PIERRE, South Dakota — The same author who made "Little House on the Prairie" a must-read for generations of people around the world could help a little state-owned publishing house hit the big time.
The South Dakota State Historical Society Press in Pierre, which has produced award-winning books for years, plans to publish "Pioneer Girl: The Annotated Autobiography" by Laura Ingalls Wilder in November, more than 80 years after she penned the beloved "Little House" series. The books were also adapted into a long-running TV show.
Nancy Koupal, the director of the press, said others have tried to publish the rough draft of the memoir in the past, but the press was the first to get approval from the Little House Heritage Trust, which maintains Laura Ingalls Wilder's literary estate.
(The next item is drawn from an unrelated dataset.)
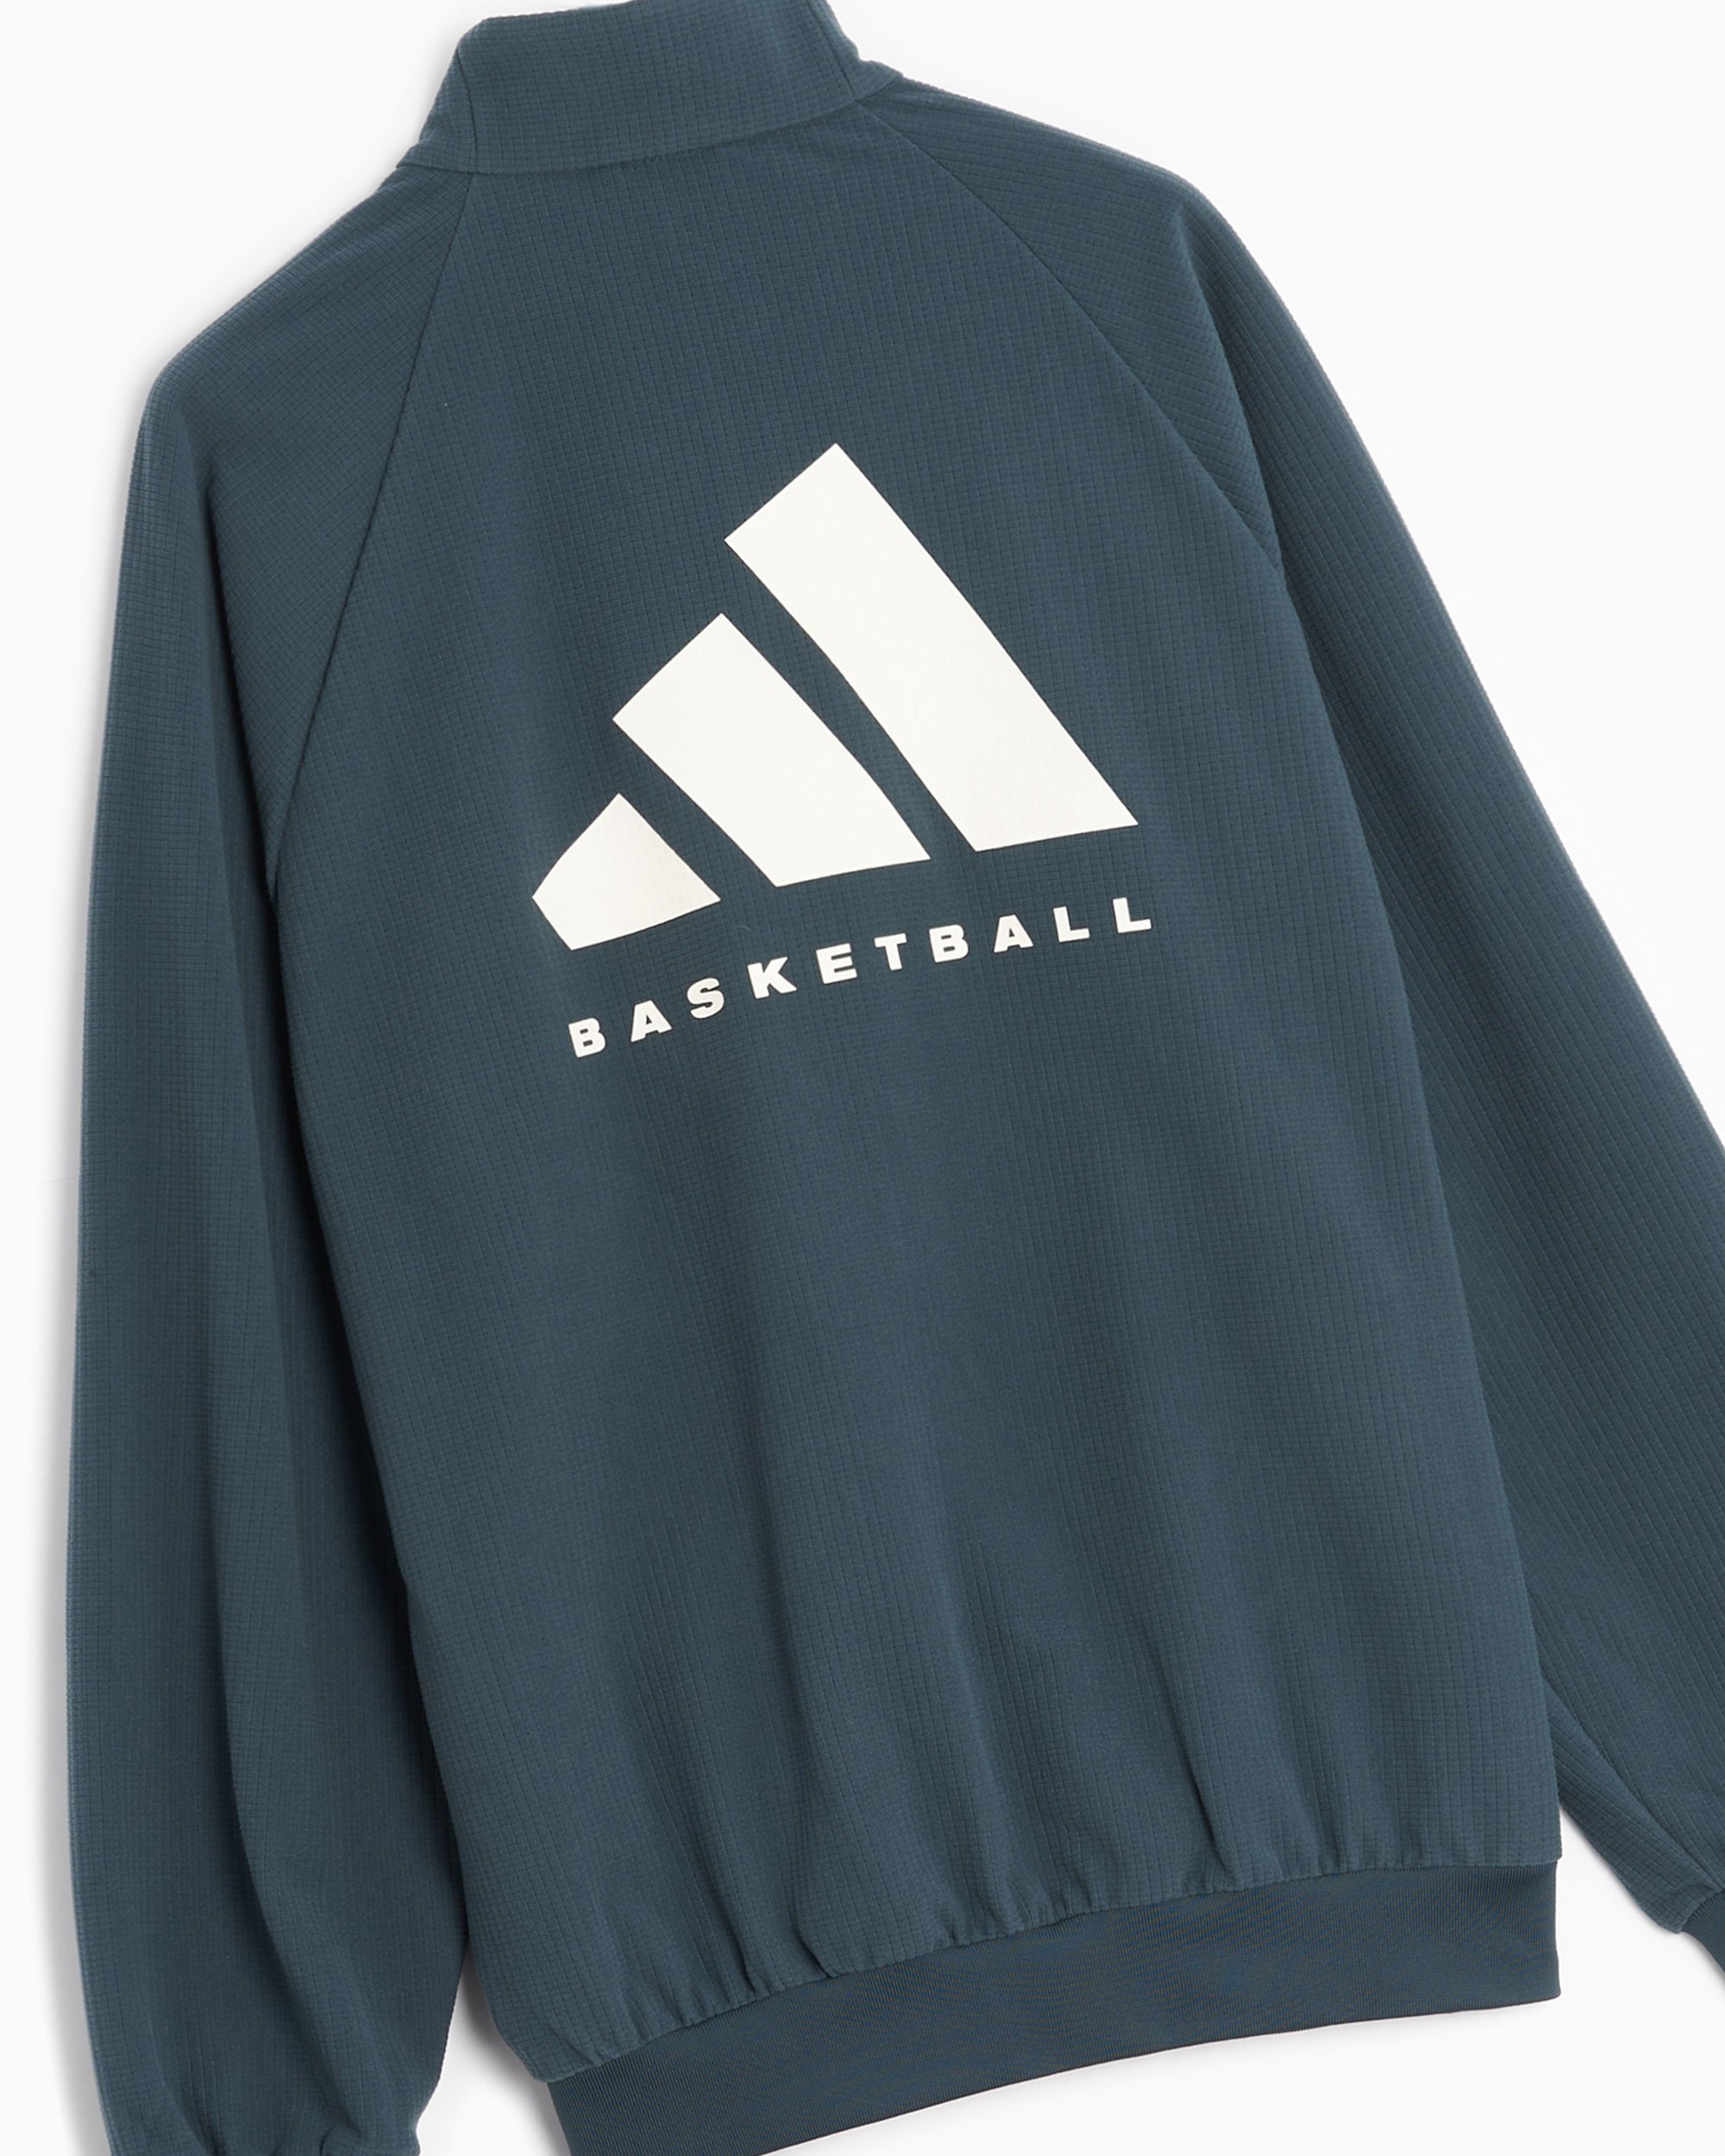 Buy at Track Jacket IT2470| Basketball Green FOOTDISTRICT Unisex One Performance Online adidas

"What I'm told is that ... this was the right proposal at the right time," she said. "That a serious historical and scholarly treatment of it was better than simply a commercial publication."
The press typically publishes five to seven books annually, and Koupal said it has done fairly well since opening in 1997, winning 50 awards in 17 years. But Wilder's memoir, which the author wrote for adults but ultimately used as the foundation for her children's books, will draw in national and international fans of the famous series, she said.
Pamela Smith Hill, a young adult author and lead editor on the "Pioneer Girl" project, approached the press several years ago with the idea of trying to publish the memoir. Hill had previously written a Wilder biography for the historical society and drew heavily from the author's rough draft, which piqued the interest of Wilder fans.
"So, the idea of the annotated version of 'Pioneer Girl' came directly from people who were writing me, asking me for access to the original manuscript," she said.
Although it's a big project, a scholarly press like the historical society is the right one to handle the memoir's publication, Hill said.
"They also have solid credentials as being a publisher that knows how to produce and develop a book with serious historical merit," she said. "So, in that sense, I don't think it's unusual for the press. But the size and scope of the book and its almost universal appeal, at least within the Laura Ingalls Wilder universe, is unusual."